## Walkthrough of MADELEINE slide-embeddings extraction and downstream evaluation (molecular subtyping on BCNB)

## Step 0a: Download WSI

1. Download the slide from source (https://bcnb.grand-challenge.org/Dataset/) [1]. You will have to make an account at grand-challenges.org. 

2. Move the WSIs to ./data/BCNB/wsi

## Step 0b: Segment tissue and extract patches

Use the CLAM API (https://github.com/mahmoodlab/CLAM) to segment the tissue and extract patches. MADELEINE requires individual patch size to be 256x256 and magnification to be 10x. You can run the following command to segment the tissue and extract the patches:

```python create_patches_fp.py --source ./data/BCNB/wsi --save_dir ./data/BCNB  --patch_size 256 --patch_level 1 --preset tcga.csv --seg --patch --stitch```

Explanation of arguments:
- **source**: Path to WSI

- **save_dir**: Path to where patches will be stored 
- **patch_size**: Size of individual tiles 
- **patch_level**: Magnification level in WSI. Since BCNB slides are originally at 20x, patch_level=1 corresponds to 10x magnification
- **preset**: Segmentation parameters
- **seg**: Segment tissue
- **patch**: Patch tissue
- **stitch**: Show visualization of stitched patches

## Step 0c: Extract patch features

Continuing with the CLAM API, now extract the patch features using CONCH patch encoder [2]. You can run the following command:

```CUDA_VISIBLE_DEVICES=0 python extract_features_fp.py --data_h5_dir ./data/BCNB/patches --data_slide_dir ./data/BCNB/wsi --csv_path ./data/BCNB/process_list_autogen.csv --feat_dir ./data/BCNB/ --batch_size 512 --slide_ext .tiff```

Explanation of arguments:
- **data_h5_dir**: Path to coordinates

- **data_slide_dir**: Path to WSI
- **csv_path**: Path to csv file with filenames without extension. Easiest is to use the csv file generated by step 0b
- **feat_dir**: Save dir for features
- **batch_size**: Batch size for forward pass of patch feature encoder. Reduce this if you get OOM errors.
- **slide_ext**: Extension of WSI

Using the above command, we were able to extract BCNB features using a single NVIDIA RTX 3090Ti.

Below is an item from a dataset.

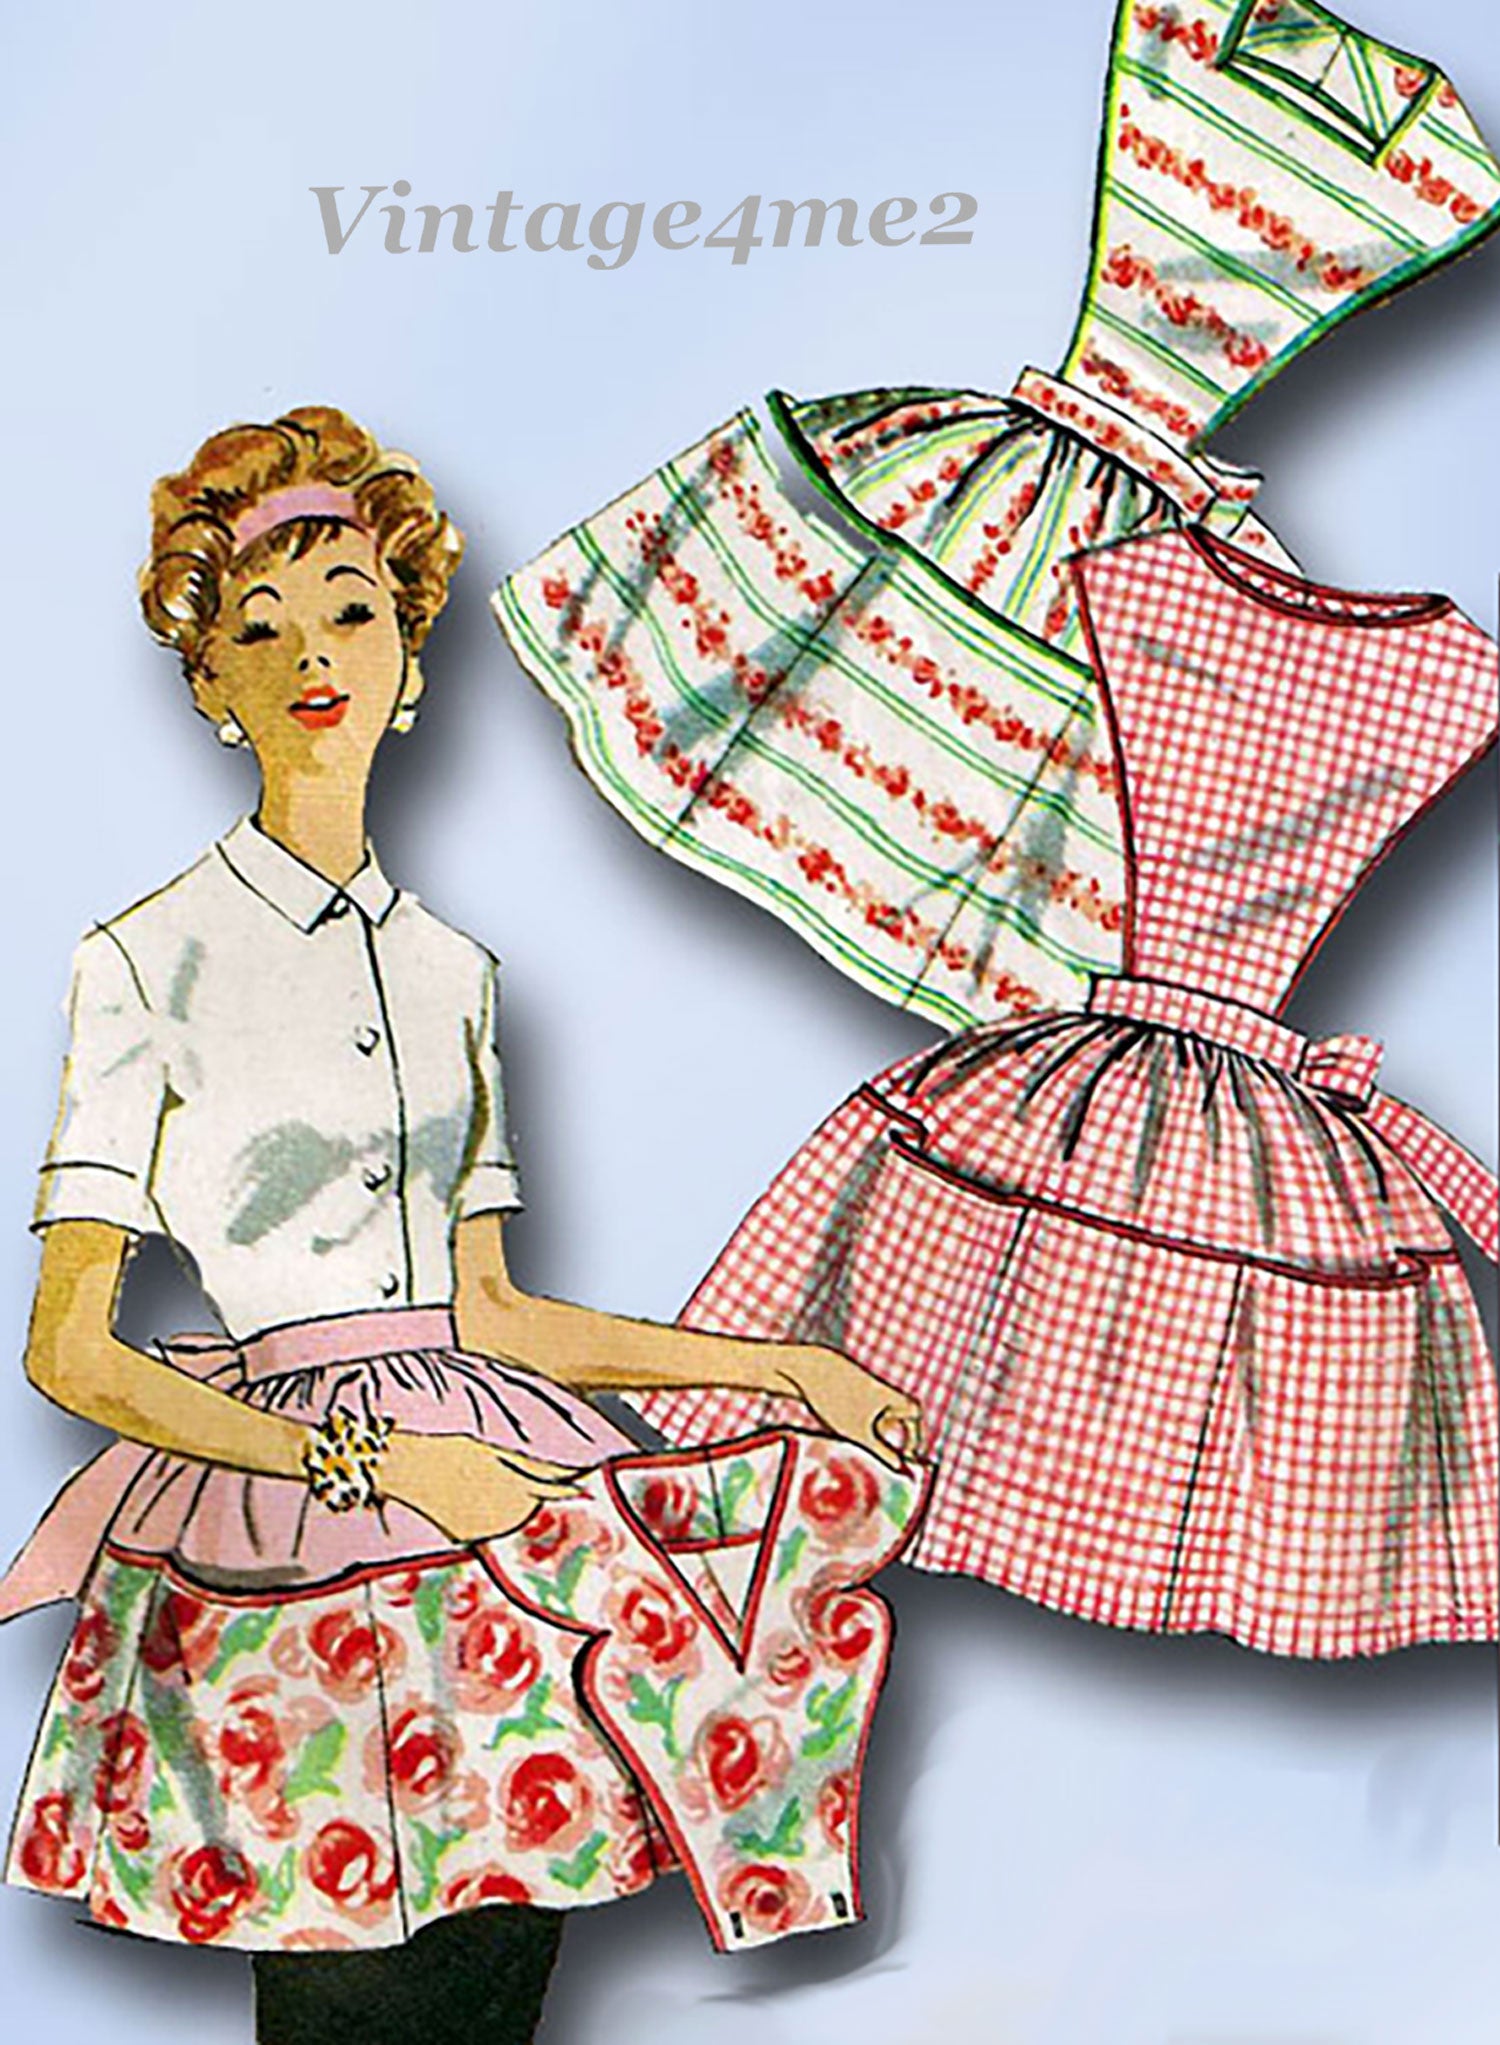 1950s Vintage Simplicity Sewing Pattern 4857 Easy Misses 1 Yard Apron –  Vintage4me2

Please do not ask for permission for weights of CONCH via the MADELEINE repository. Refer to instructions at [CONCH model weights](http://github.com/mahmoodlab/)

## Pre-extracted patch features
If you do not want to run all the preprocessing steps, you can directly download the patch features we provide from HERE and place them in ./data/BCNB/h5_files

## References 
[1] Xu, Feng, et al. "Predicting axillary lymph node metastasis in early breast cancer using deep learning on primary tumor biopsy slides." Frontiers in oncology 11 (2021): 759007.
[2] Lu, Ming Y., et al. "A visual-language foundation model for computational pathology." Nature Medicine 30.3 (2024): 863-874.